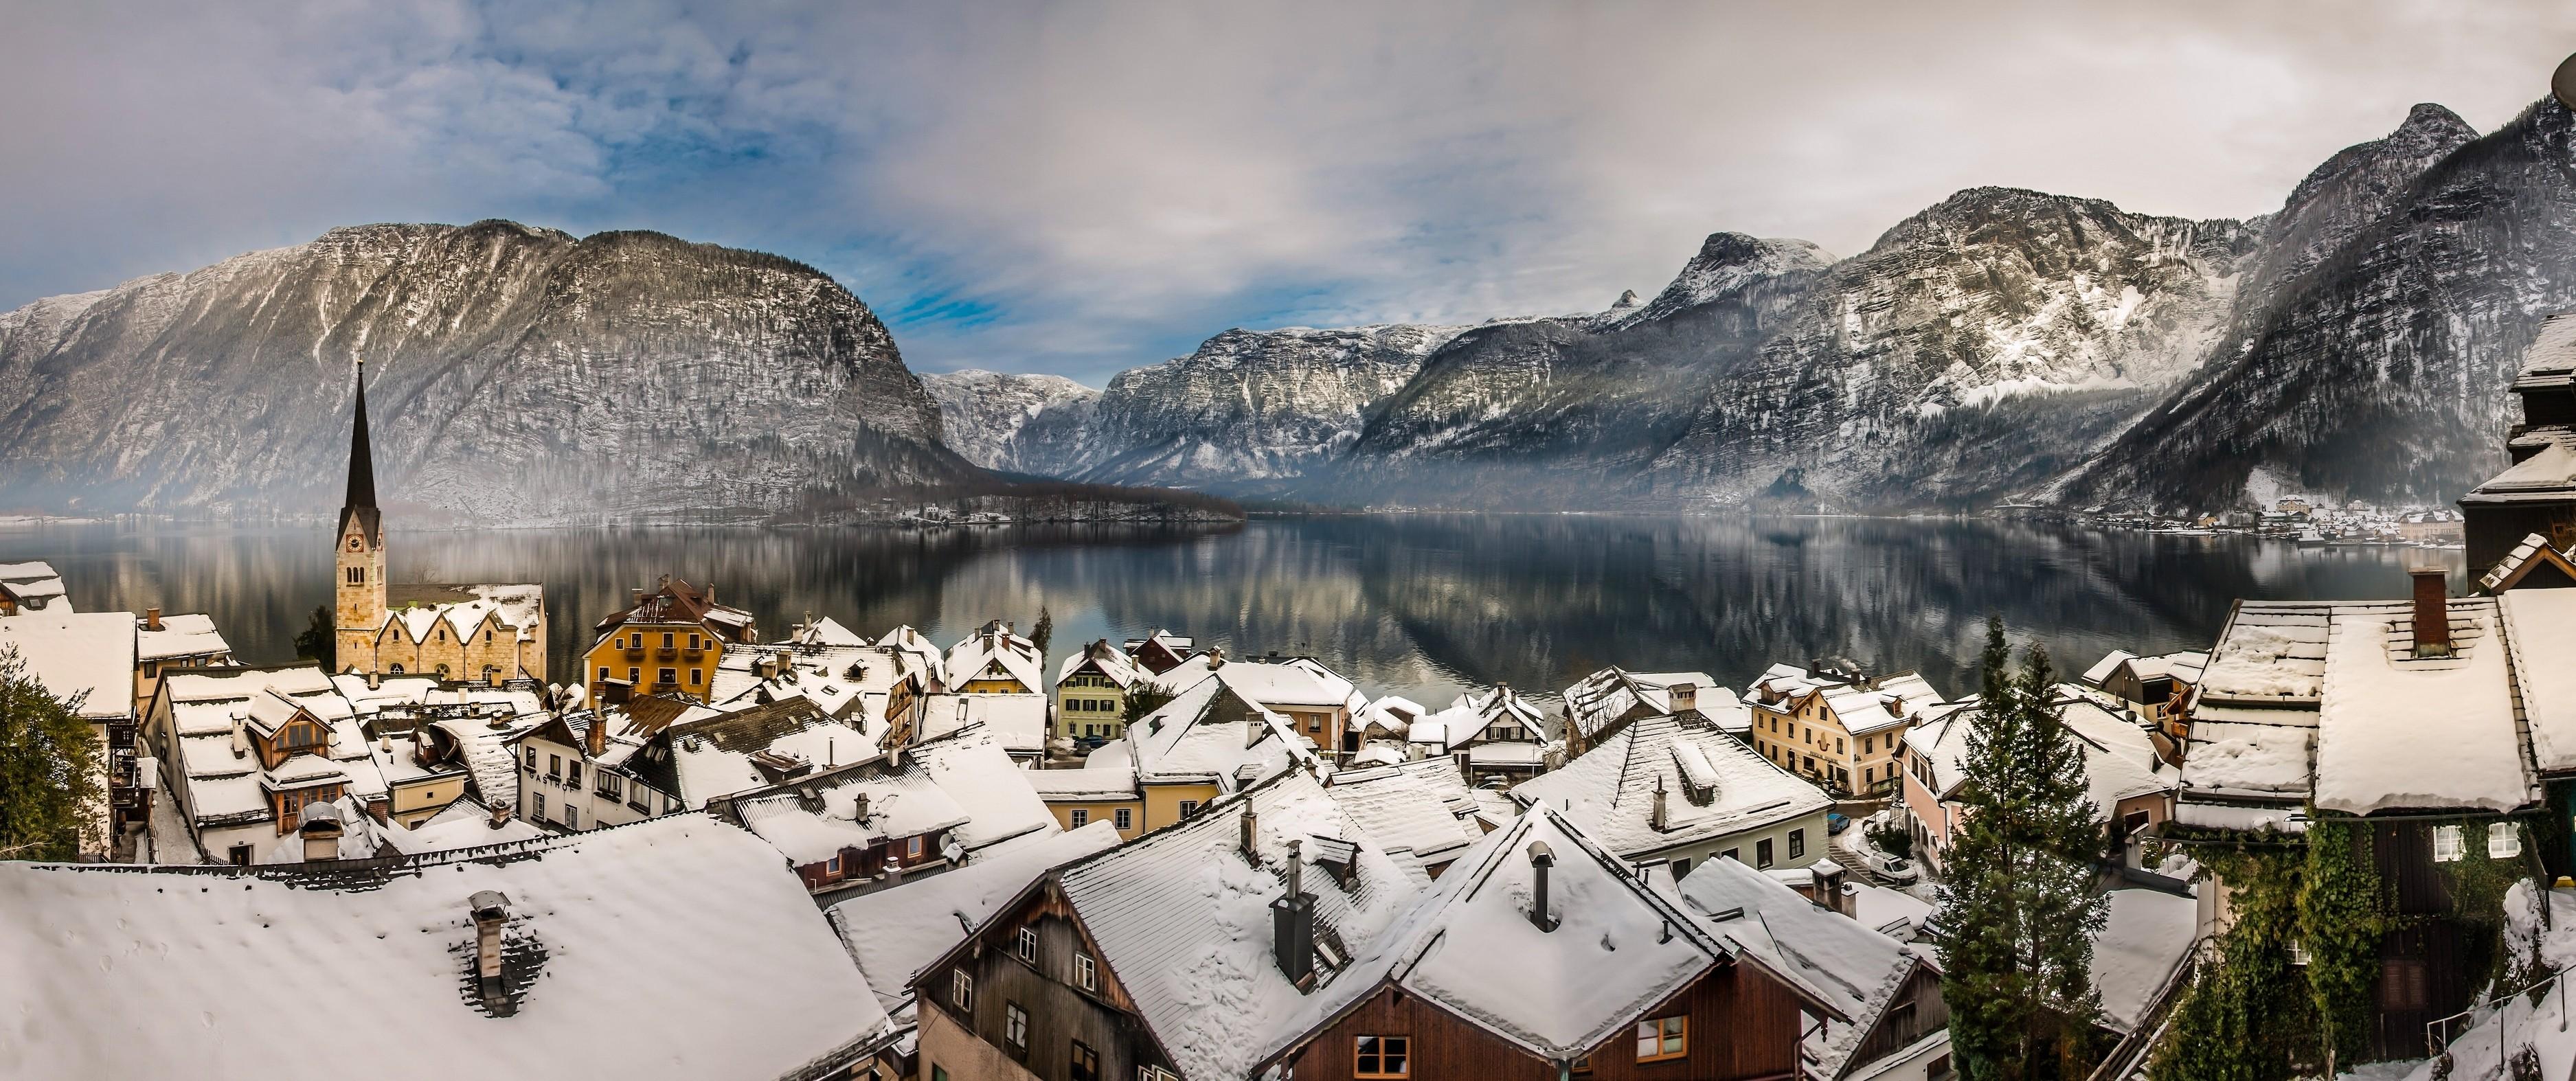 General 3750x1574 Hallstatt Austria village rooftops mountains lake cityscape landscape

○ ○ ○ ○ ○

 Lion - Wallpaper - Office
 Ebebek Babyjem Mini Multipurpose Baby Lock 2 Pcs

○ ○ ○ ○ ○

■ **ACTIVITY**:
Above are the records; copy exactly the lines from the line with "Lion - Wallpaper - Office" through the line with "Ebebek Babyjem Mini", both included.

■ **REPLY TO THE EXERCISE**:
 Lion - Wallpaper - Office
 Ebebek Babyjem Mini Multipurpose Baby Lock 2 Pcs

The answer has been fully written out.